Pubdate: Thu, 16 Mar 2017
Source: NOW Magazine (CN ON)
Copyright: 2017 NOW Communications Inc.
Author: Kieran Delamont
Page: 14


Police crackdown on Cannabis Culture dispensaries clouds future of
Prince of Pot

The faint smell of marijuana smoke hung in the halls of Old City Hall
on Friday, March 10; dozens had turned out for the bail hearing of
Cannabis Culture dispensary owners Marc and Jodie Emery.

Bail conditions for Cannabis Culture's Marc Emery include his not
being involved in operation of the stores.

The "Prince and Princess of Pot" were arrested, along with Chris
Goodwin, Erin Goodwin and Britney Guerra, on Wednesday night and
charged with a raft of marijuana-related offences, including
trafficking and possession of the proceeds of crime. The arrests were
part of Project Gator, a nationwide operation coordinated by Toronto
police specifically targeting six Cannabis Culture locations in
Toronto and Hamilton and Cannabis Culture's magazine offices in
Vancouver, where computers were seized but no charges were laid
against staff. Two Cannabis Culture stores in Ottawa were also raided,
although police say those were not connected to Project Gator.

Police seized more than 65 kilograms of cannabis and 2.4 kilograms of
concentrates, as well as more than $250,000 in cash, ramping up a
police war on dispensaries that has escalated in recent weeks even as
the Trudeau government has promised to introduce a legal recreational
marijuana regime by spring.

It's unclear why Cannabis Culture was targeted. (The police allege
supply for the storefront operations is coming from the black market.)
But one might interpret Project Gator as the police's final swipe at
the Emerys, who have a long history with law enforcement. As the faces
of the movement to legalize marijuana in Canada, they were front and
centre during last May's Project Claudia raids. Jodie Emery crashed
the police press conference at headquarters to protest the arrests.

But a number of armed robberies of dispensaries in recent months,
including at a dispensary on Eglinton West on February 15, has raised
the issue of public safety and sparked renewed calls from local
politicians to shut down the operations.

While the Emerys were released on Friday, there will be questions
about the future of their storefront chain's 19 locations in BC,
Ontario and Quebec. As a condition of their release, the couple were
given two weeks to extricate themselves from the day-to-day operation
of Cannabis Culture or risk violating the terms of their release.

There are no clear answers about how the stores will operate without
the Emerys' involvement, but the couple seem prepared to comply with
the terms of their release for now.

"Jodie and I can no longer be involved with Cannabis Culture stores or
the brand, despite its being the culmination of 24 years of hard work
and struggle," wrote Marc Emery in a Facebook post late Friday from an
internet cafe after police seized their phones and computers. "You
won't find me at any Cannabis Culture stores, or any dispensary, for
that matter. Our livelihood, our brand, our money, our inventories all
gone!" Emery writes that plans are in the works for a cross-Canada
tour in May, but the couple's current bail conditions forbid them to
leave Ontario.

According to him, Cannabis Culture employees are "keen to take over"
the businesses.
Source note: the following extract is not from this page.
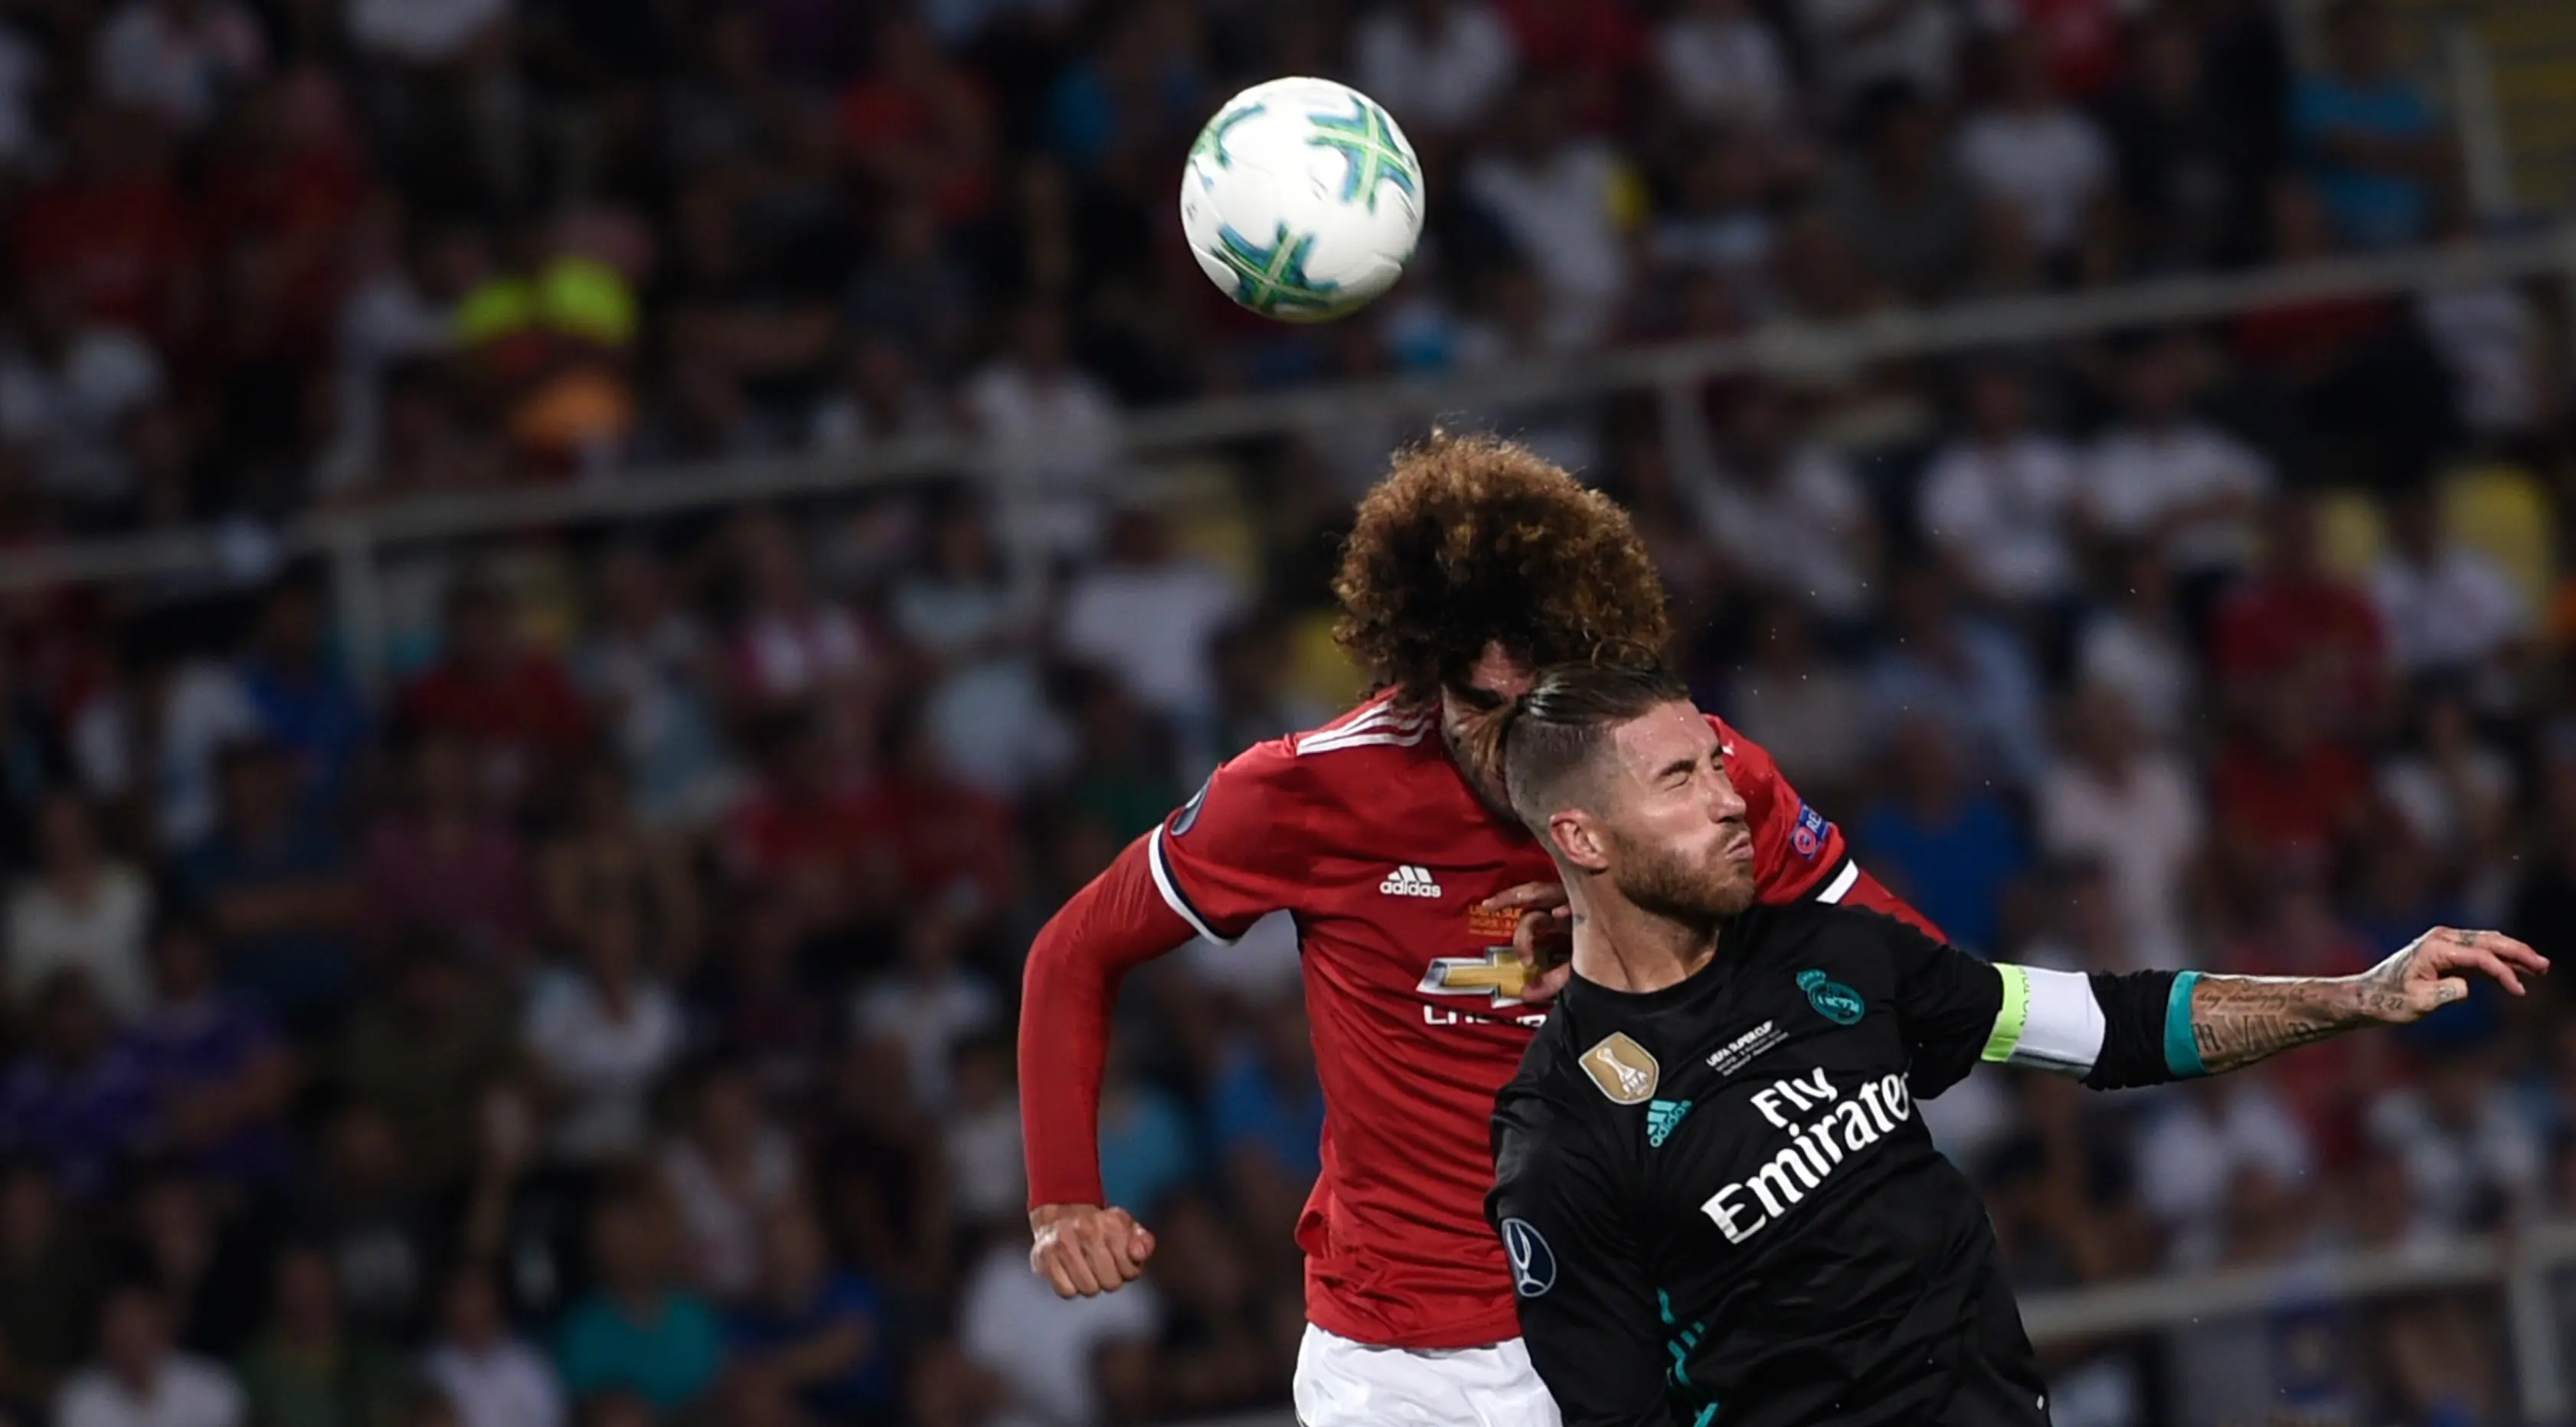 Gelandang Manchester United (MU), Marouane Fellaini berusaha menyundul bola dalam laga Piala Super Eropa melawan Real Madrid di Macedonia, Selasa (8/8).  (Nikolay DOYCHINOV / AFP)

And by Friday afternoon, even before the Emerys had
been released, Cannabis Culture's Church Street store had reopened,
with staff cheekily defying police by selling a special strain dubbed
"OG Gator." Call it a middle finger to the police operation.

"We're going to reopen every time," said Chris, an employee who did
not provide a last name. He, along with other employees and the store
manager, were present during the raids but not charged. It was another
twist in a day full of them.

What should have been a fairly routine bail hearing was marked by
confusion from the start. Scheduled for 10 am, it was pushed back an
hour to accommodate the large crowd of supporters in the courthouse.
Proceedings were delayed again because the defendants had not fully
read the 50 page summary setting out the charges against them. Shortly
after noon, the court learned that the justice of the peace assigned
to the court had become ill and needed to be taken to hospital,
delaying proceedings until another justice could be found, after 2 pm.
All five of those charged were eventually released at around 7 pm.

The Emerys will appear in court again on April 21. Their lawyer had
(curiously enough) initially proposed April 20 (also known as 420, the
day reserved for the annual smoke-out at Nathan Phillips Square), but
moved the date upon Marc Emery's immediate - and passionate - objection.